Desde que nací he sido el fuerte de la historia. El que no se movía del sitio cuando venían mal dadas, el que asumía las consecuencias, el que se atrevía a correr en dirección contraria. Nunca he sido amigo de las apariencias y me he alejado de la gente que mostraba los logros de sus padres como si fueran suyos, sin darse cuenta de que lo único que mostraban al mundo era un corazón vacío de amor y lleno de inseguridades. Tampoco he sido amigo de las masas y a mis veintiséis años me pone nervioso cualquier congregación de más de diez personas que no conozco y con las que me veo obligado a interactuar por educación. No es que no me guste conocer gente. Tan sólo no me interesa tener más amigos. Apenas tengo cuatro y mi corazón no tiene más espacio. No confío en nadie. Muchas veces ni siquiera en mí mismo, y tiene que aparecer alguno de los cuatro anteriores a darme un empujón para que salte al vacío o, simplemente, recuerdo las plazas en las que me tocó torear cuando era más joven y me descojono del destino. Quién soy yo para juzgar lo que Dios me pone delante. Hay que saber distinguir entre lo que uno quiere hacer y lo que debe hacer para entender que mancharse las manos de barro o de sangre, muchas veces, es más digno que tenerlas limpias y sin un rasguño. Renunciar a lo que somos sería negarnos a nosotros mismos y sólo serviría para cavar un metro más en el pozo en el que tantas noches nos sumergimos.
No creo en las gilipolleces de los que dicen que los hombres no somos sensibles ni frágiles. Tampoco débiles.
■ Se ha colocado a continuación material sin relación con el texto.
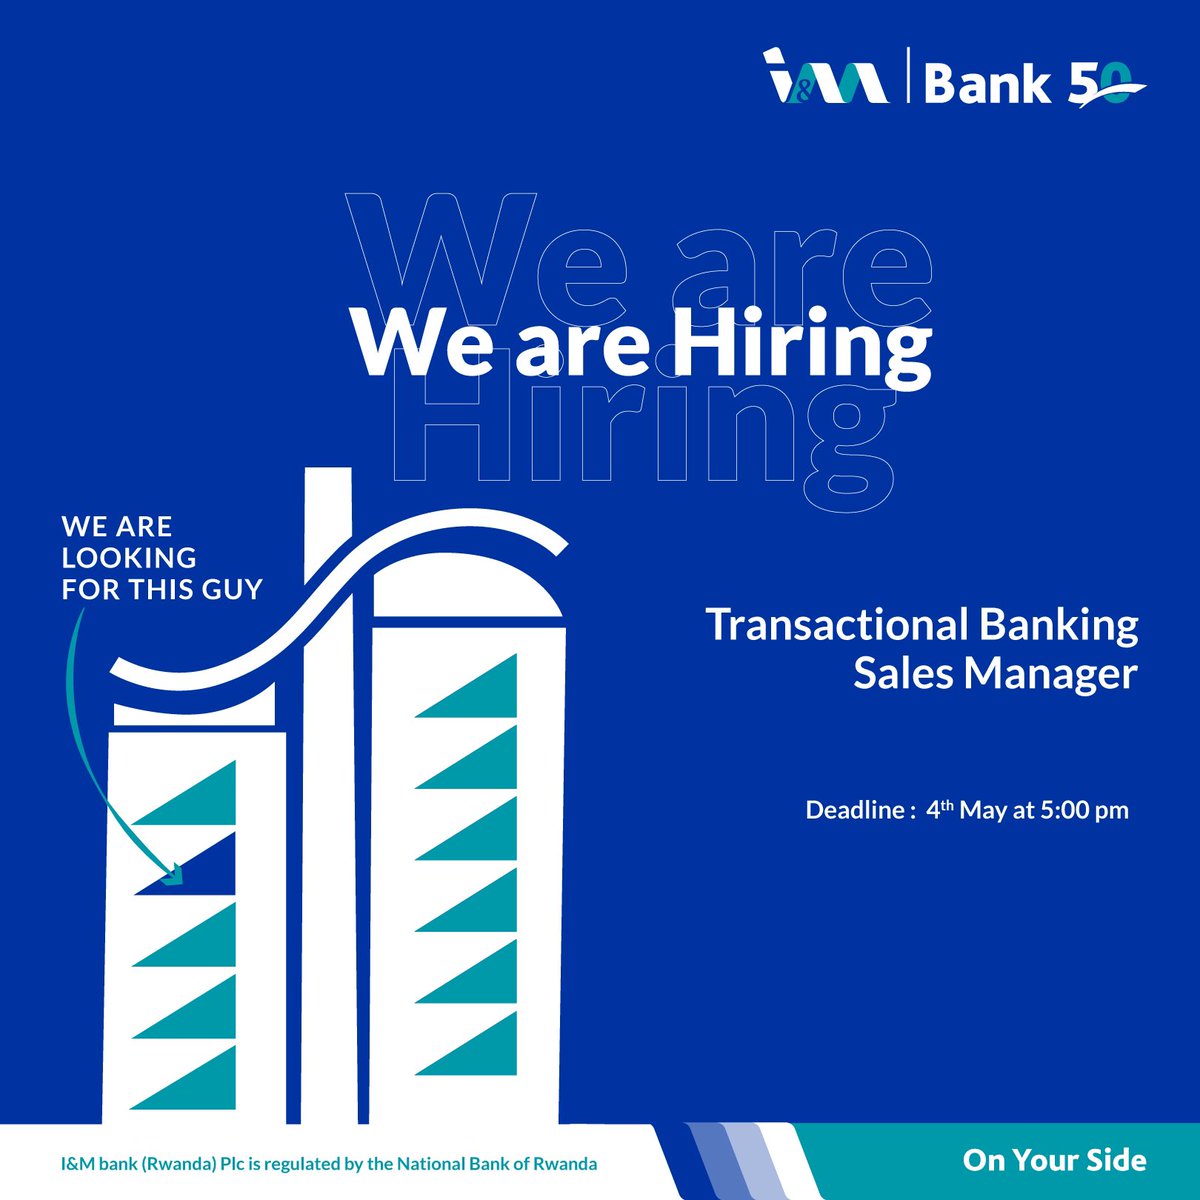 We are a team of young and energetic professionals! Enticing right? If that's the work environment you are looking for, please check for the available openings. Chief Innovation Officer: lnkd.in/d9vvikj7 Transactional Banking Sales Manager: lnkd.in/dGua5DUs

Probablemente lo hagan porque no se atreven a decir que lloran en silencio a los pies de la cama cuando el resto del mundo duerme, porque prefieren aislarse de los problemas a mirarlos a los ojos y torearlos dignamente, y porque se avergüenzan de llegar a emocionarse en público cuando suena esa canción que les regaló sus mejores noches. Otra cosa muy distinta es que no nos guste dejarnos ver cuando el único papel que podemos interpretar es el del hombre débil. Y lo entiendo perfectamente, porque soy el primero que huye corriendo a su cueva interna a convivir con los silencios de un alma llena de cicatrices. Pero para entender todo lo que sucede fuera, primero hay que entender lo que sale de dentro porque es lo que marcará nuestro destino. Sé lo que se siente interpretando el papel del hombre al que no le importa nada, que es frío para aparentar ser fuerte y que no se permite el lujo de mostrar sus emociones. No es una cuestión de complejos sino de querer ser la última bala de la recámara, el escudo que aguanta las embestidas en la batalla y la roca que sobrevive a la erosión del oleaje. Siempre firme, siempre recio, siempre con cara de póker.
Pero hoy soy más frágil que nunca porque hay cosas que se me escapan. Y esa sensación de vulnerabilidad me hace activar unos resortes que transforman mi cabeza en una cumbre de emergencia que no descansa y que siempre está imaginando por dónde pueden llegar el próximo golpe. Pero, en realidad, nada de lo que sucede ahí dentro es real y lo único que me demuestro cada mañana es que la inseguridad y el miedo a volver a pasar por el dolor que sentí aquella noche de enero con Alfonso al otro lado del teléfono me hace vivir atrincherado. Quizá, sencillamente, lo único que me pasa es que no me atrevo a admitir que me puedo estar enamorando y que la mejor sensación de este mundo tiene como contrapartida asumir el dolor más ingrato. Esto no entraba en mis planes, que Dios me pille confesado.